Over the past week and a bit I’ve been reading up on Deep Learning and Convolutional Neural Networks. I mean a lot of reading! I was dismayed to see that so many of the lectures and tutorials rely on machine learning libraries (like Caffe, Torch,the Python Docker book thing, ect) which is fine, but I felt that I was kinda missing out on the intuition behind them. So I decided to write the whole thing from scratch in C++, and I finally got it to work so I thought I’d make a blog post about it!
So what is a Convolutional Neural Network (CNN)? It is based around the convolution operation, which you perform by multiplying two matrices element wise. One matrix is your weights and the other is a same size patch of the image. You keep moving the patch over the image until you’ve covered the whole thing. Here’s an example of a 3*3 Sobel filter from an earlier project.
The filter reduces the width*height*depth (depth = 3 due to red, green,and blue channels) to just width*height. Technically the width and height are reduced too but the edges are (usually) just padded with zeros to keep the same dimensions. Convolutional layers just use filters like these, the really cool part is that they *learn* what filters to use!
Notice we treat the 2D input image as a three dimensioned volume using the RGB channels as the depth components. What happens when you use more than one filter?
You produce a new volume with the z dimension matching the number of filters used. Where each filter will move over the image and produce its own 2D output image and these are stacked together to form the resulting volume. The result of the filter is also thresholded by some function (I used ReLU), but that’s not really important right now. Now lets look at another layer that we can use.
Where convolutional layers (usually) conserve the width and height of the data while altering the depth, pooling layers conserve the depth while reducing the the width and height dimensions of the input volume. The method I used is called Max Pooling, where you just pick the largest value from a block of the image. Using 2*2 image segments the input would be altered like so:
If we passed the input from the above example through a max pooling layer we would get:
Now this is where the “network” part comes in, we stack these layers to produce one big network, the object scales are a little off but it will look something like the below.
At the end of the network we flatten the result and feed it into a ‘fully connected’ layer which is just a normal neural network with each neuron attaching to each input pixel. But now, not only has the size been reduced but the convolutional layers will have trained themselves to look for features in side the picture. What you should find is that the first layer of the network will train itself to look for ‘low level’ features in the image like lines, basically acting like an edge detection filter. The higher level convolution layers will then pick out higher level features from that result, I saw an lecture where they used a technique called guided backpropagation to actually pull out features which the higher level convolutional layers had trained themselves to look for like nosies and eyes.
It took me quite some time to get everything working, especially in calculating and flowing the derivatives through the network for the backpropagation. But it works now! I made a dummy set of 64*64 images of crosses and circles.

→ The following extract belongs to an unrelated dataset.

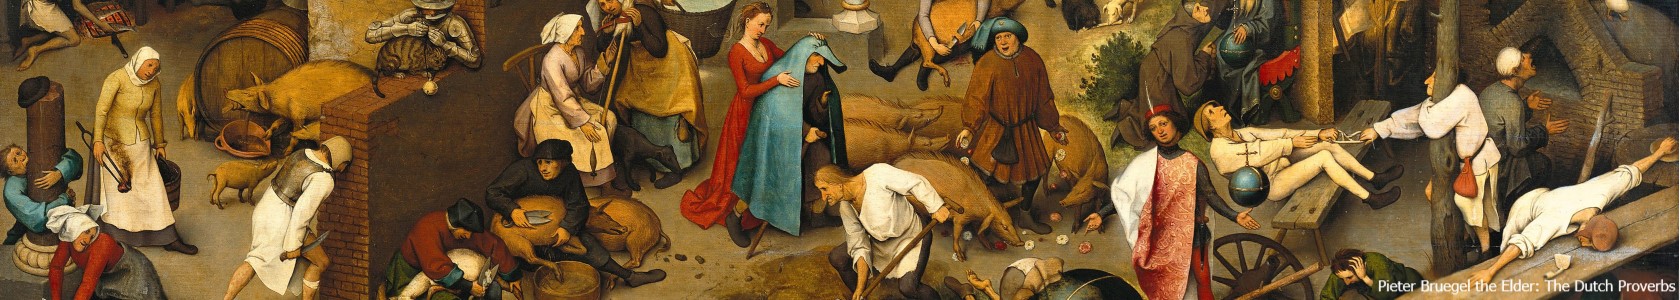 The Dutch Proverbs by Pieter Bruegel the Elder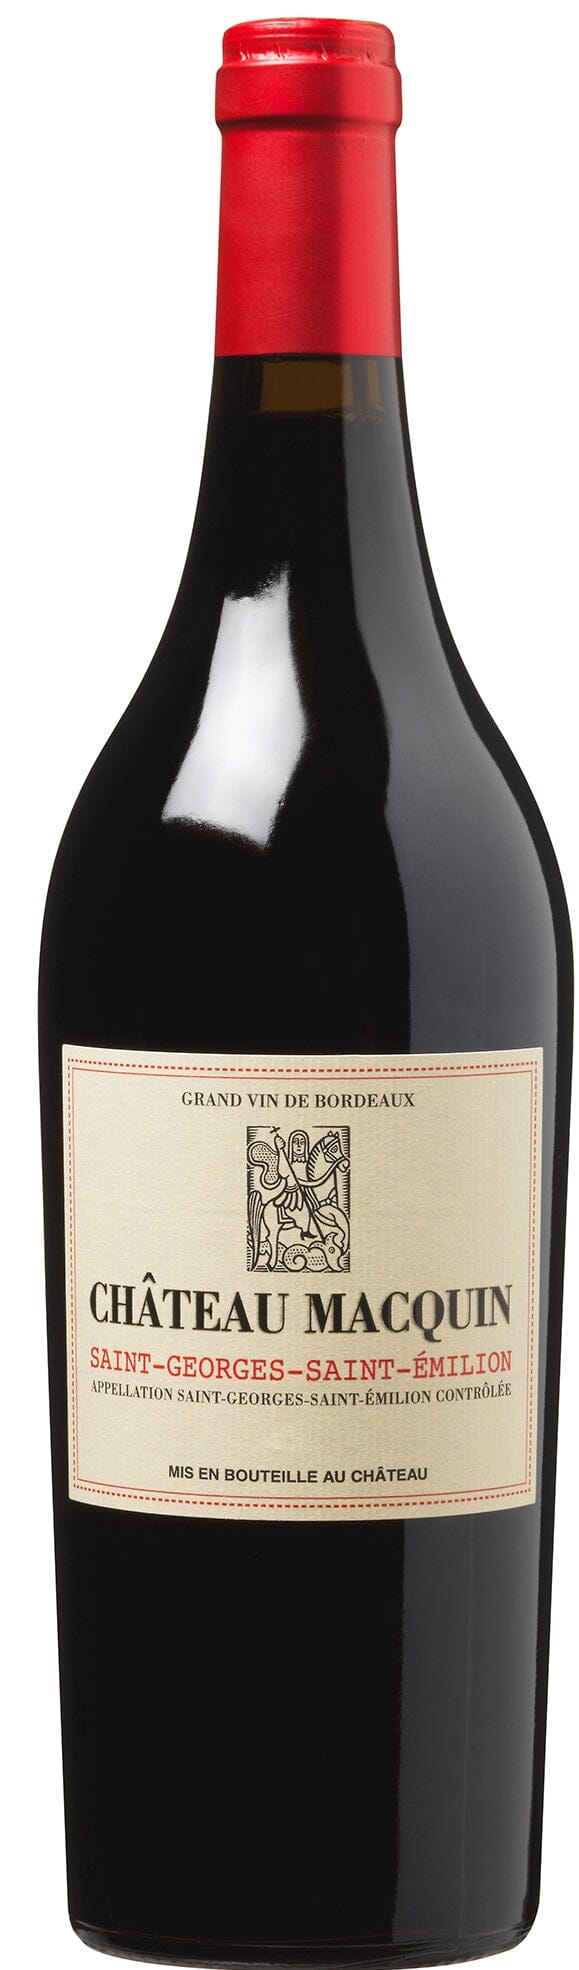 Château Macquin, Saint-Georges-Saint-Émilion, 2020 Wine Bottle Liberty Wines

Starting with a two filter convolutional layer I feed the network this image of a small circle (notice mostly whitespace).
On the first iteration (no training), the result from the first layer is:
Which makes sense, as all of the filter values are going to be a positive floating point value the intensities will be scattered across the picture. After training for 100 iterations we get this volume (think of it as the two slices of a 2 deep volume):
What you can see is the filters have started to cut out the background value (the data set includes all sort of colours for background) and just focus on the circle. This is then passed up the network to eventually reach a logistic regression classifier which gets 100% on this pretty basic example set.
It was pretty frustrating at times even just working with the tiny data set that I had, but writing the whole thing from scratch has been really rewarding in that now I have a pretty solid understanding of the intuitions behind the backpropagation/derivative calculations, CNNs, and machine learning in general. The network is super modular so I can just drop layers in and out and modify their hyperparameters. The setup looks like so:
// Width, height, and depth (3 due to RGB) of input image Network seqNet(width,height,depth); // Layer 1 - Convolution - ReLu - MaxPool seqNet.AddConvolution(5,3,1); // Filters - Filter size - stride seqNet.AddMaxPooling(2); // Size // Layer 2 - Convolution - ReLu - MaxPool seqNet.AddConvolution(3,3,1); seqNet.AddMaxPooling(2); // Layer 3 - Linear Classifier (LogRegression) seqNet.AddLinearClassifier();
I have an idea for a pretty cool project which would use CNNs but I’ll probably need to write an GPGPU implementation for it. I only just touched on the stuff I’ve learnt about CNNs but the field is super cool and can do things like not only classify an image but if the class is part of a larger image identify the bounding box of that class in the larger image (I.E where it is). There is so much to more to go into in terms of the implementation and how the backpropagation makes sense, but I think this is a fairly decent introduction to what CNNs do.
Shout out to Nando de Freitas’s superb deep learning course at the University of Oxford, the videos go pretty deep into the maths which was super useful, and Andrej Karpathy and Fei-Fei Li’s deep learning course at Stanford University which has probably the best videos and course notes on the topic.